··· RECORDS SUPPLIED ···
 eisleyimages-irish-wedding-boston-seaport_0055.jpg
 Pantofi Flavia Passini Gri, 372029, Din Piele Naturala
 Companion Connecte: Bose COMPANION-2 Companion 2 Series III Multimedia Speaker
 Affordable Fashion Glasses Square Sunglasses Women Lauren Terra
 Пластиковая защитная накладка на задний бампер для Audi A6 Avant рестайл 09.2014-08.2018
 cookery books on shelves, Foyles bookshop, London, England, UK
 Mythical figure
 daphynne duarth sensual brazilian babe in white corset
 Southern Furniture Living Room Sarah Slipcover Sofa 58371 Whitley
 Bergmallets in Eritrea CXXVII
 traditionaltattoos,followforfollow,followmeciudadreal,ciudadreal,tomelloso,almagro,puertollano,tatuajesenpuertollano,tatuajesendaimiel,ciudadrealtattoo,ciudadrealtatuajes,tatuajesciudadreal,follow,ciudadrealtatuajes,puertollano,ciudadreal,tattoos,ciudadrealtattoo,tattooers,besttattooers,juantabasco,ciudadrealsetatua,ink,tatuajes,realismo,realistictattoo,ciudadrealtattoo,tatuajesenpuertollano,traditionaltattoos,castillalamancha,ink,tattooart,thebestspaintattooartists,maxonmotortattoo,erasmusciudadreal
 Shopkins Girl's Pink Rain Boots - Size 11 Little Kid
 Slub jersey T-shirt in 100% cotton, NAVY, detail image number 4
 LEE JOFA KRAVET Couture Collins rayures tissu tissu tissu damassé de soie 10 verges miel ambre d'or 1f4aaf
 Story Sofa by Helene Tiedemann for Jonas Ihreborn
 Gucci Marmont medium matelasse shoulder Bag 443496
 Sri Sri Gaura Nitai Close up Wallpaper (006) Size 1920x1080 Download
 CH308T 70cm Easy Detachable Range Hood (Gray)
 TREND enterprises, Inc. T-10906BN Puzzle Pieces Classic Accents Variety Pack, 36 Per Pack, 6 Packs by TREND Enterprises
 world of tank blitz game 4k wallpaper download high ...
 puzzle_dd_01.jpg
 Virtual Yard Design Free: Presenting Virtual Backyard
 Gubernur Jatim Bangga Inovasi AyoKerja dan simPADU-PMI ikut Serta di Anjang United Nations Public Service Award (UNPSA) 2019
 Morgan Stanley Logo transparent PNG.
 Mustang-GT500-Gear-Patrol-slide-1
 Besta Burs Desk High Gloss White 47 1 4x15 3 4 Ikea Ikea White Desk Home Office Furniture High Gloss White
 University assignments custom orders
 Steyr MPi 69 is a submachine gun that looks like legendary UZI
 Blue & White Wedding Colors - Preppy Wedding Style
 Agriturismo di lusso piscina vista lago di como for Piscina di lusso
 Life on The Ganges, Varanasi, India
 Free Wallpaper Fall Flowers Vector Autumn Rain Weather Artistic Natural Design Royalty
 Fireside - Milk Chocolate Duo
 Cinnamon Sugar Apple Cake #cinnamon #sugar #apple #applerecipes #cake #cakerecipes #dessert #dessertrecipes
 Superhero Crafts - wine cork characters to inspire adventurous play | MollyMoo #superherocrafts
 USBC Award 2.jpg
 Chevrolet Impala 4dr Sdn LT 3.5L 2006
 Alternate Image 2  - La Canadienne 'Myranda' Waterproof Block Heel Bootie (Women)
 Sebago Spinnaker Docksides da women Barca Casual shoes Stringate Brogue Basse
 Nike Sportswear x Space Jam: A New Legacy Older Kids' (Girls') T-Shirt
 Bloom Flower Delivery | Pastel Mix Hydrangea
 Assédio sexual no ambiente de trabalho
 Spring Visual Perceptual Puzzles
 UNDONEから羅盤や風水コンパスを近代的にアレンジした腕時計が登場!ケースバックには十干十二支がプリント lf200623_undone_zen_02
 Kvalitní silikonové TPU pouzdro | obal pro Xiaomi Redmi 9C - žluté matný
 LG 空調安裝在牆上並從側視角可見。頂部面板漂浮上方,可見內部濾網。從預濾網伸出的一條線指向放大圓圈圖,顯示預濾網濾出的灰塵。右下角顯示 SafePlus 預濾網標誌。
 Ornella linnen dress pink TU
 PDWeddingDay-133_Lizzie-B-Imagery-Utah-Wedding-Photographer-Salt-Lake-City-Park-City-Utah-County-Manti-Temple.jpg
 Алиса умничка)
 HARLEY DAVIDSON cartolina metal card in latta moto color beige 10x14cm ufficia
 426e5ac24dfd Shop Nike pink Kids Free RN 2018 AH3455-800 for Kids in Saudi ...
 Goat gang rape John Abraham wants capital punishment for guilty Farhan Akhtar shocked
···
## TO DO
For the word "Free", go through the records and show each line that carries it.

## REPLY
 Virtual Yard Design Free: Presenting Virtual Backyard
 Free Wallpaper Fall Flowers Vector Autumn Rain Weather Artistic Natural Design Royalty
 426e5ac24dfd Shop Nike pink Kids Free RN 2018 AH3455-800 for Kids in Saudi ...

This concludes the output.